● ASSIGNMENT
A verbatim copy of the data is wanted, minus any picture in it.

[[ GIVEN MATERIAL open ]]

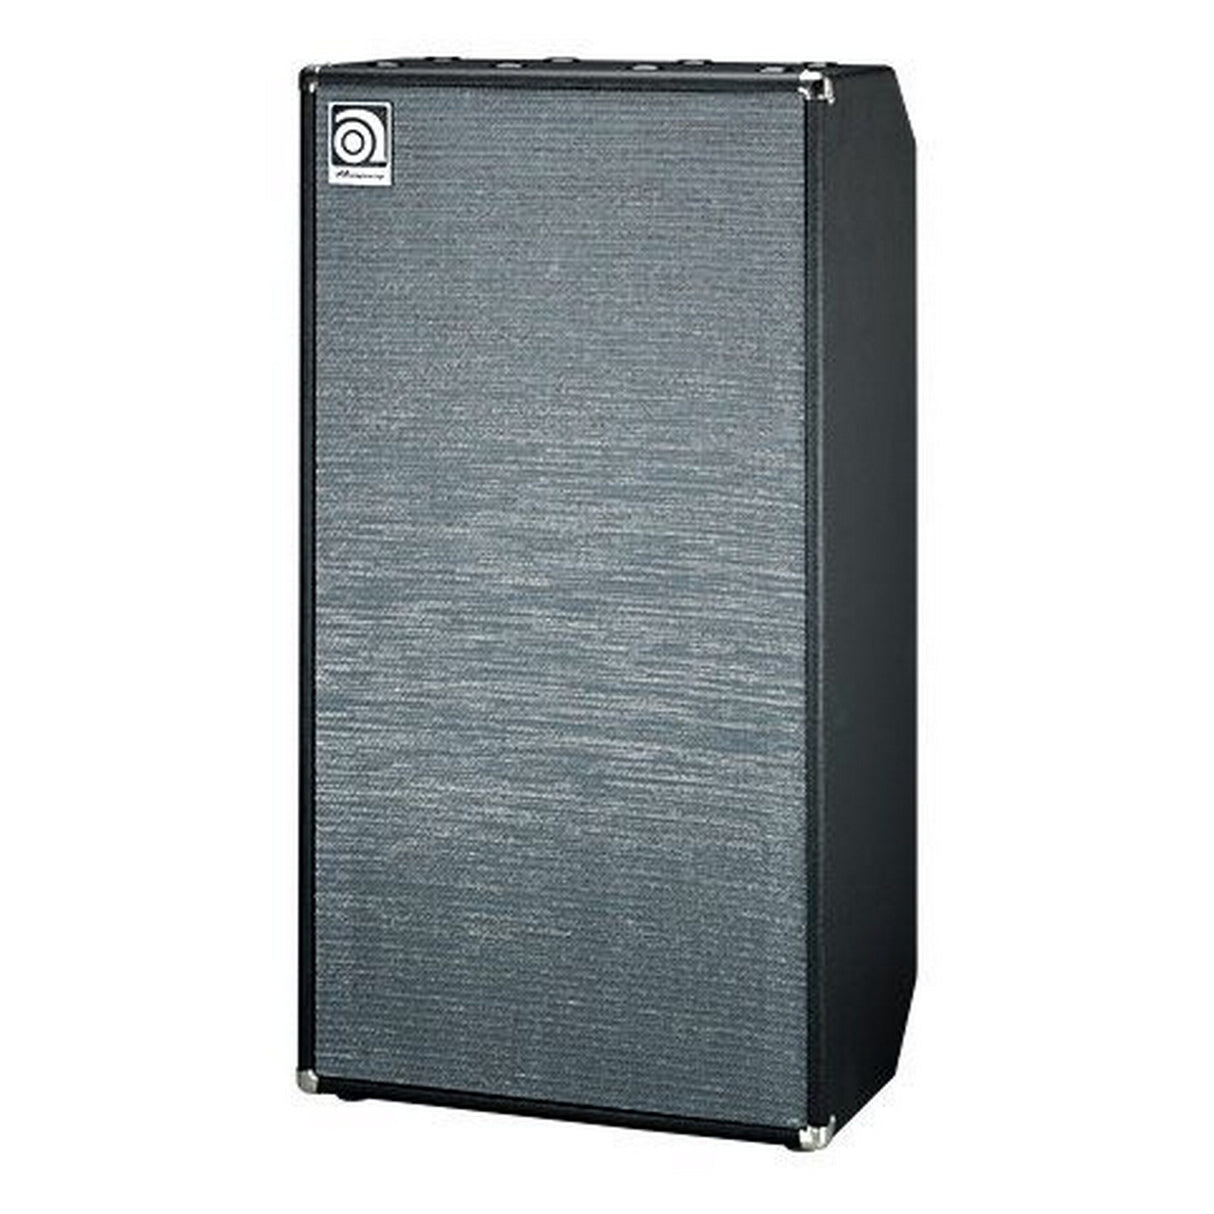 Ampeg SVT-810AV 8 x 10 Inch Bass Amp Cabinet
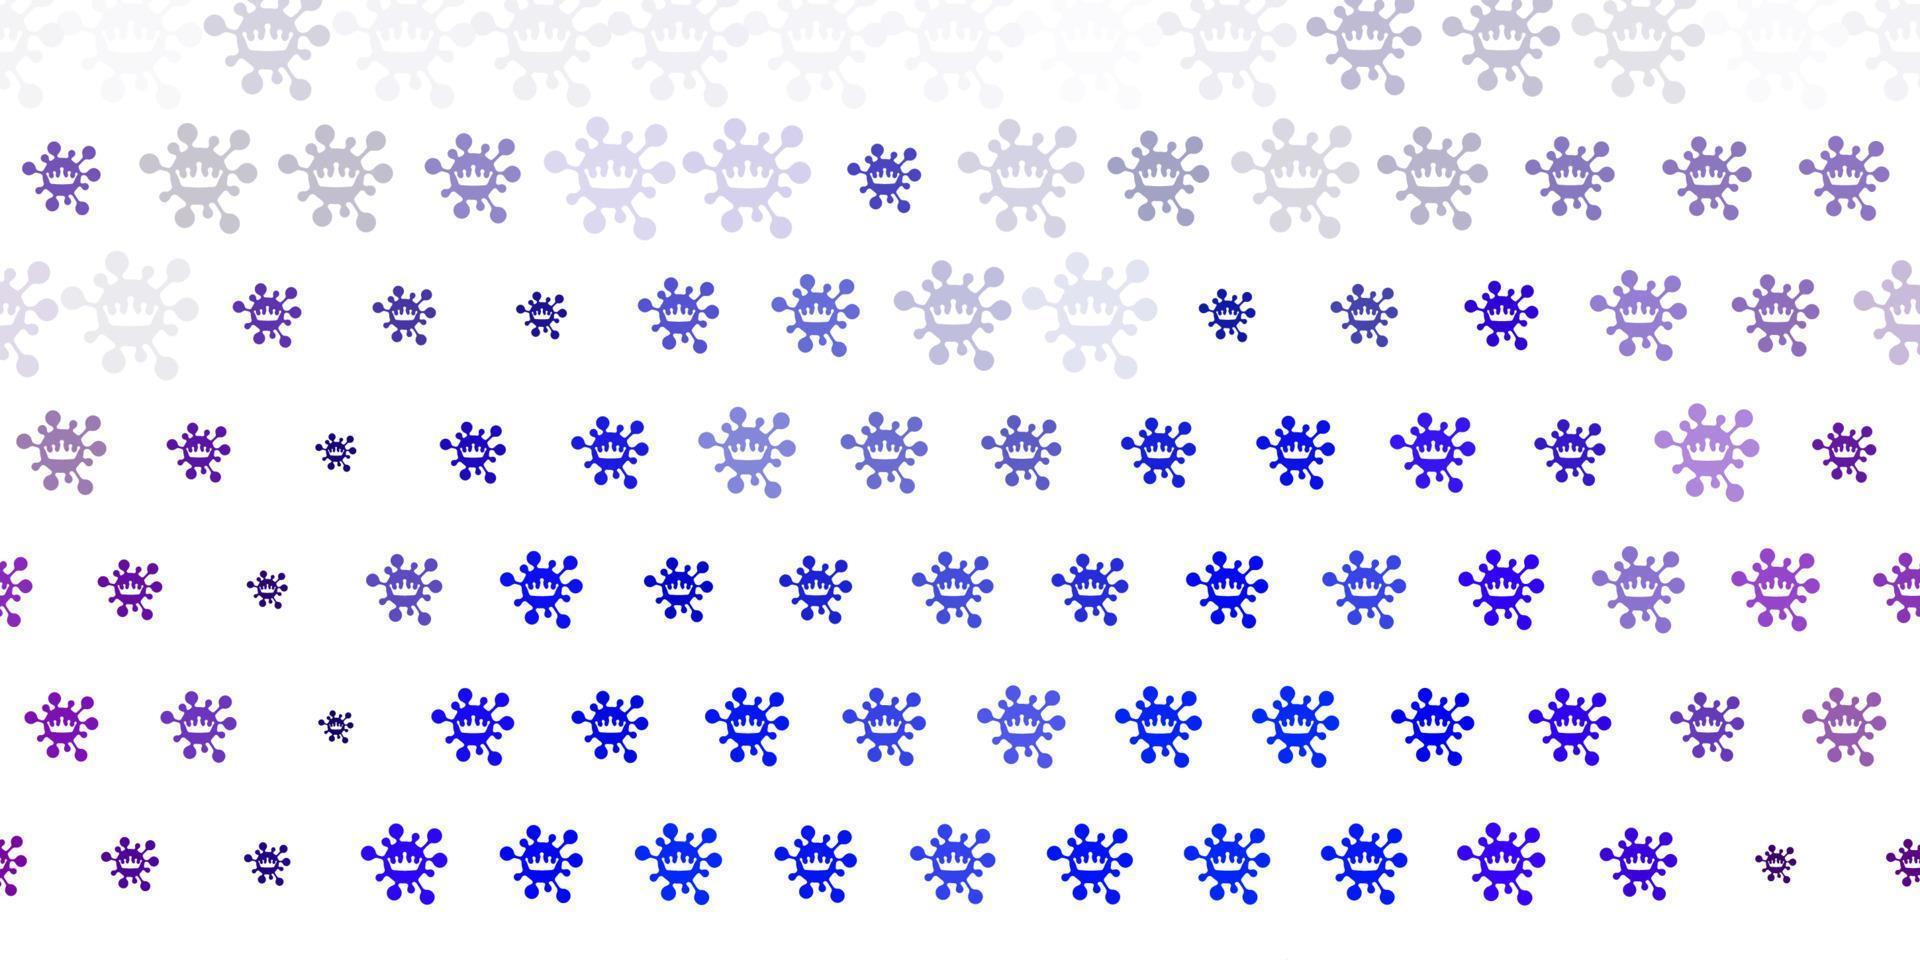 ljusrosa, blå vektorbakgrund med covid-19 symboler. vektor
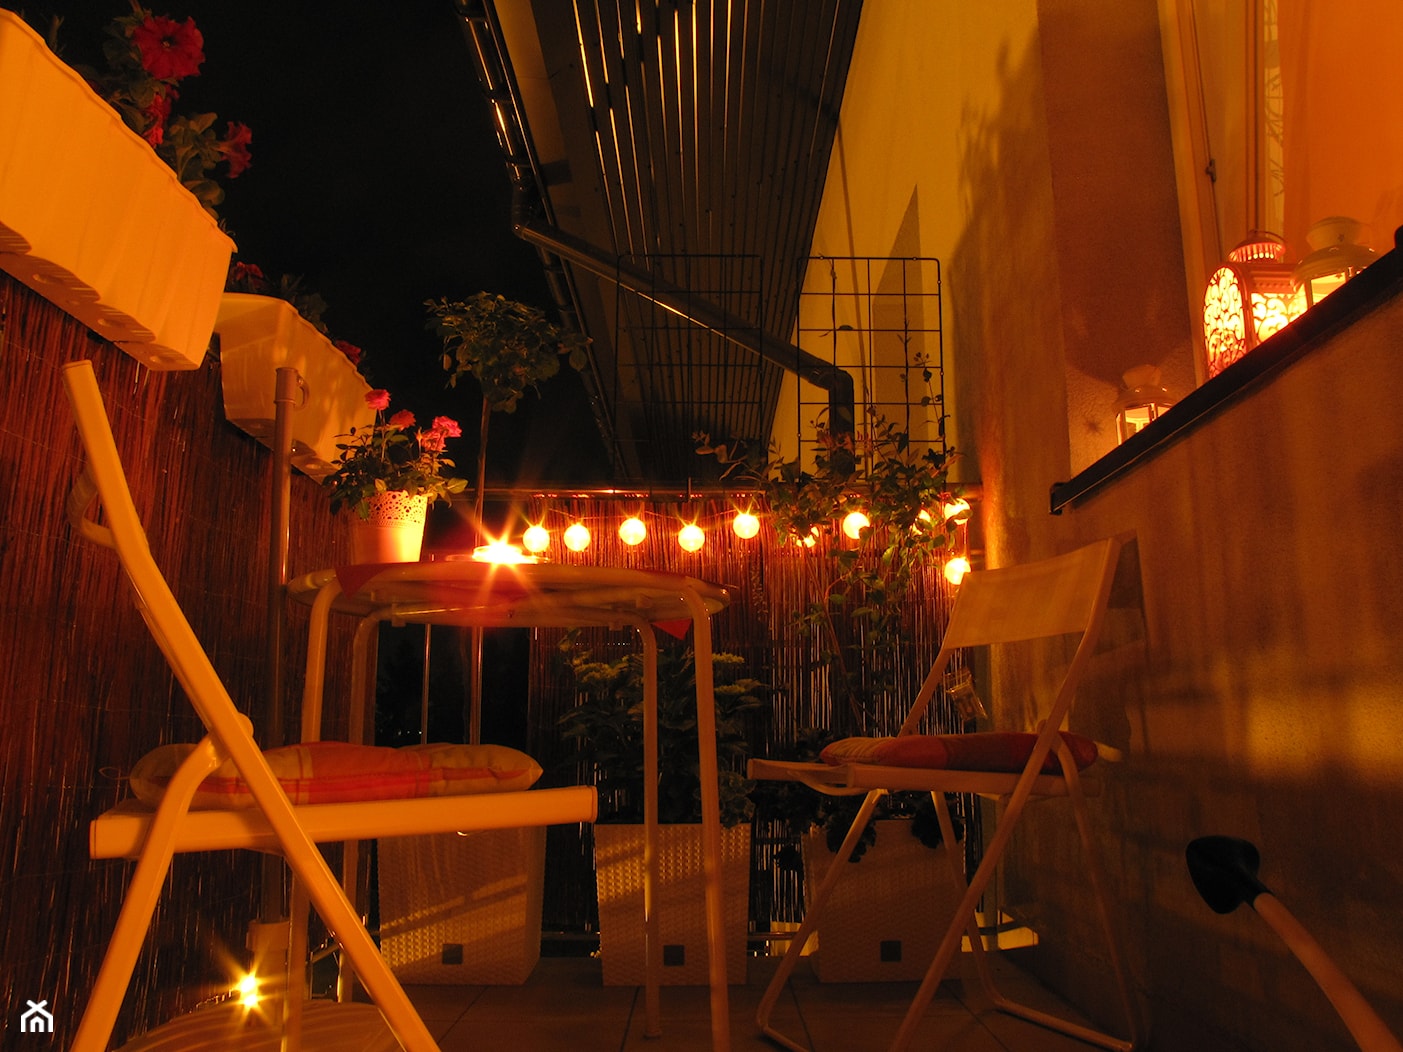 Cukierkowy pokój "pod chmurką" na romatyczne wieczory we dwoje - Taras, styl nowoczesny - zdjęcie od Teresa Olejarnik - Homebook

[[ GIVEN MATERIAL closed ]]

● ANSWER TO THIS PROBLEM
 Ampeg SVT-810AV 8 x 10 Inch Bass Amp Cabinet
 ljusrosa, blå vektorbakgrund med covid-19 symboler. vektor
 Cukierkowy pokój "pod chmurką" na romatyczne wieczory we dwoje - Taras, styl nowoczesny - zdjęcie od Teresa Olejarnik - Homebook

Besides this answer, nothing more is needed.